Dan Goodman's prediction and politics journal.

Tuesday, October 28, 2003

Tuesday October 28, 2003. I didn't get "The Caterpillar on the Leaf" finished in time to include it in my First Draft zine. I included what I had -- along with critiques and mailing comments -- and got the zine printed out. [First Draft is a by-mail writing group in apa format.]

I wrote the following for my own use. However, I decided that other people might find it useful and might have useful comments on it.

Concentrate on what interests me, and what I think is important. Which, to a large extent, means the marketplace of behavior and symbolic interaction.

And certain kinds of change.

Give description as the viewpoint character would see it. This character may be an authorial persona, rather than a character in the story.

Use synesthesia -- not as a goshwow exoticism, but as something ordinary for the viewpoint character.

These are the kinds of description I know about, so far:

Sensory description: How things look, sound, feel, smell, taste, etc. Flaubert advised using at least three senses in each paragraph; this is probably unworkable for short paragraphs.

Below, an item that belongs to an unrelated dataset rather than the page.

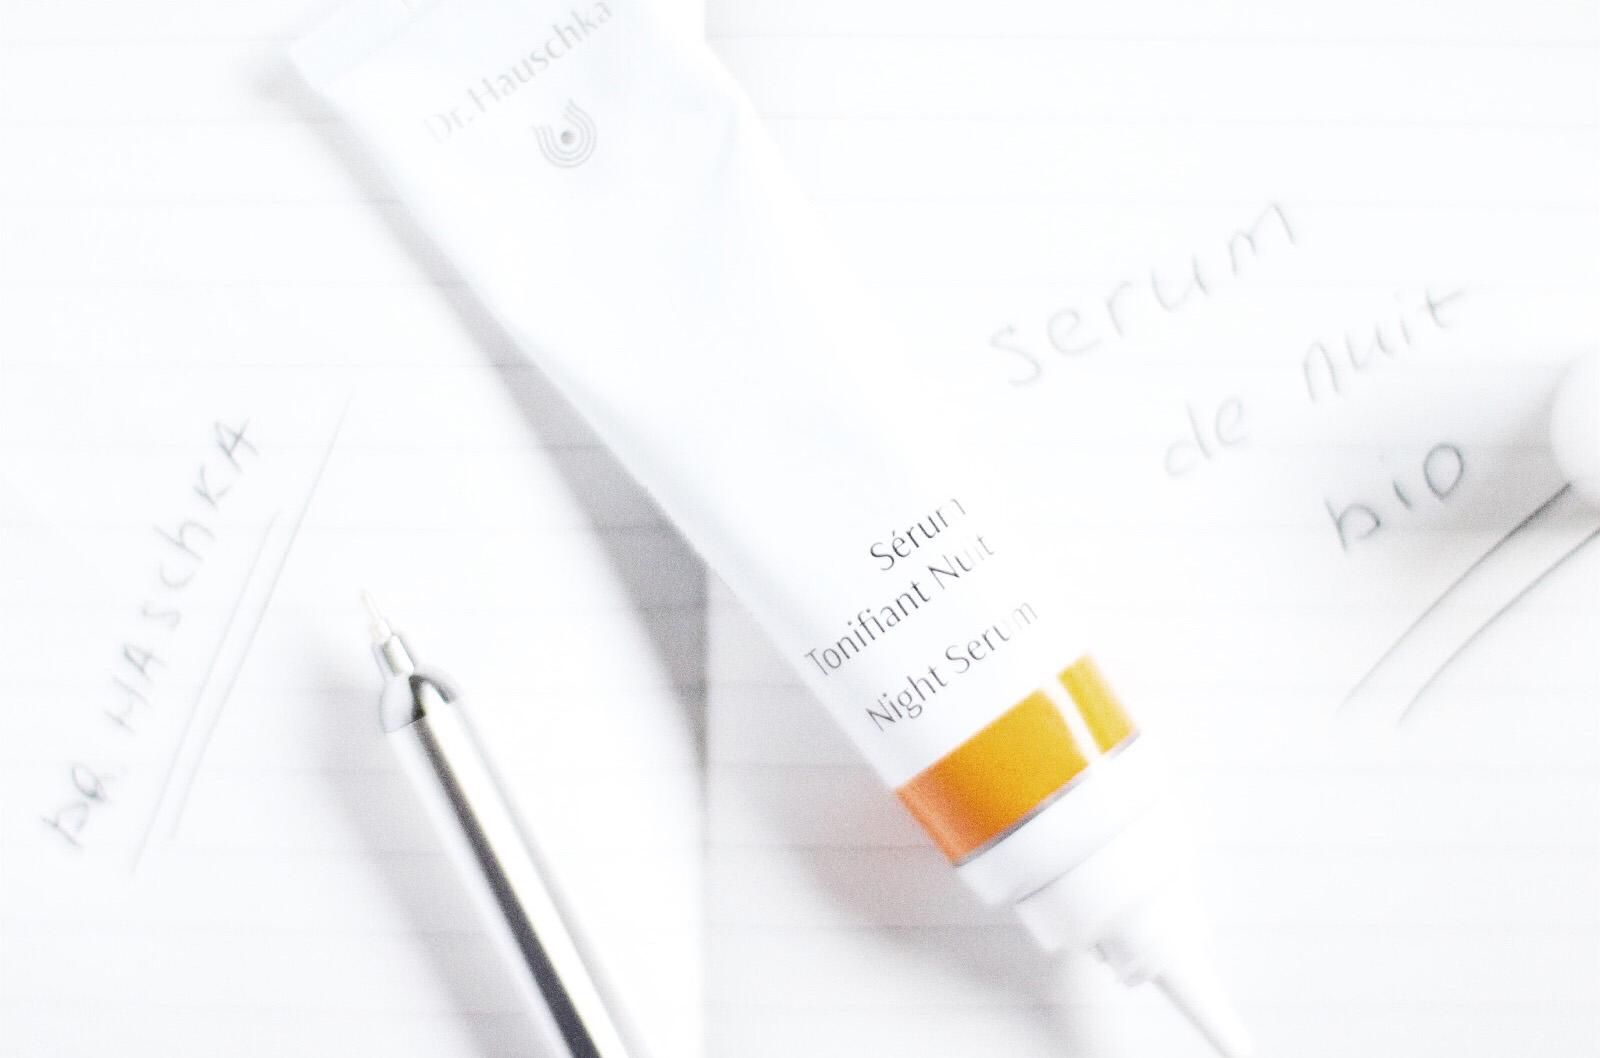 dr hauschka serum tonifiant nuit avis test

Different senses are important to different people. For much discussion of this, google on "learning styles." (Note: There are people who have very little sensory memory.)

Process description: This is how it works, this is what it does.

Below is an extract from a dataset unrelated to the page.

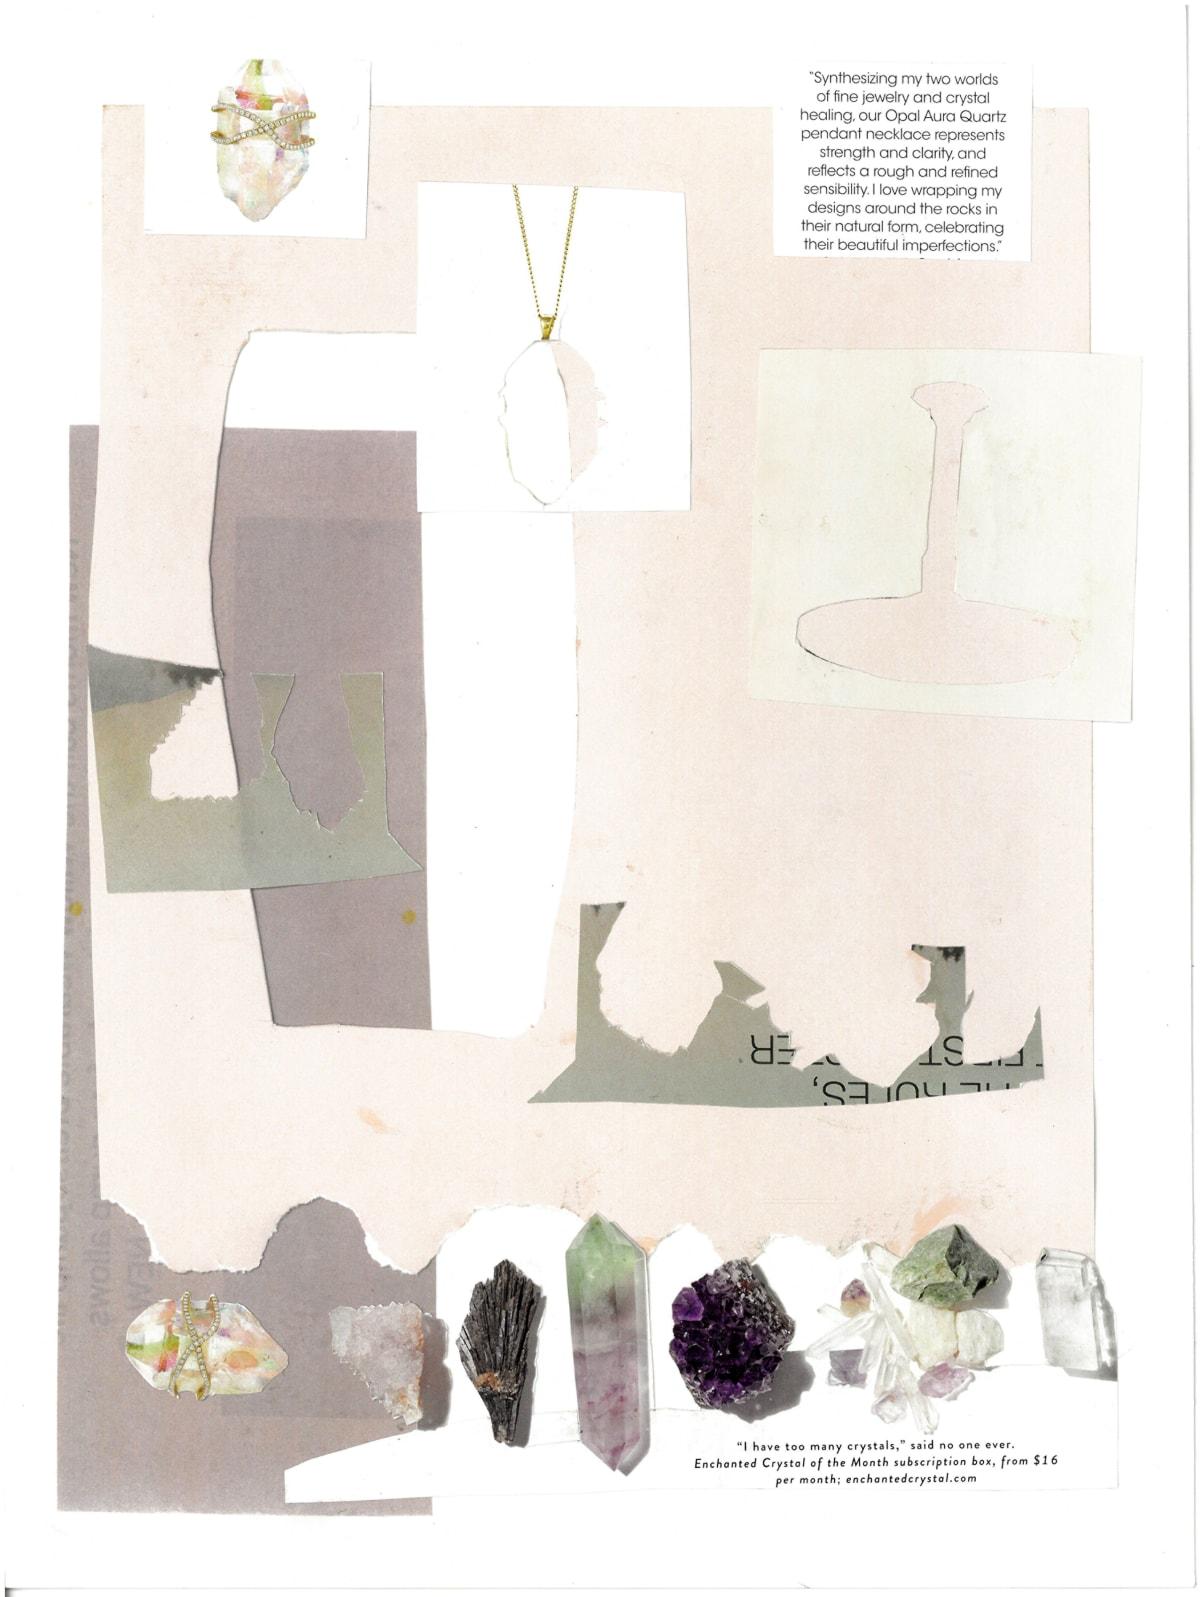 Ilana Harris-Babou, Crystals, 2020

Note that "How it works" means at least two very different things. 1) When you push button A, you will see a mango on the screen. 2) It operates according to the theory of holistic mangoism, whose basic theorems are.... I would count only the first as process description.

Pattern description: This is the pattern the viewpoint character sees. Most humans have a part of the brain which specializes in recognizing faces. (I've read that some auto buffs use this area for recognizing cars.) Other kinds of pattern recognition, which aren't hardwired, vary wildly. Some people literally see mathematical processes, for example.

This is not abstract understanding of patterns; this is _seeing_ the patterns. (Or feeling, hearing, etc.)

Abstract description: Some amateur erotic fiction describes people's bodies in terms of measurements, more than describing how those bodies look and feel. Some people think that way; to them, the abstract is more real than the sensory.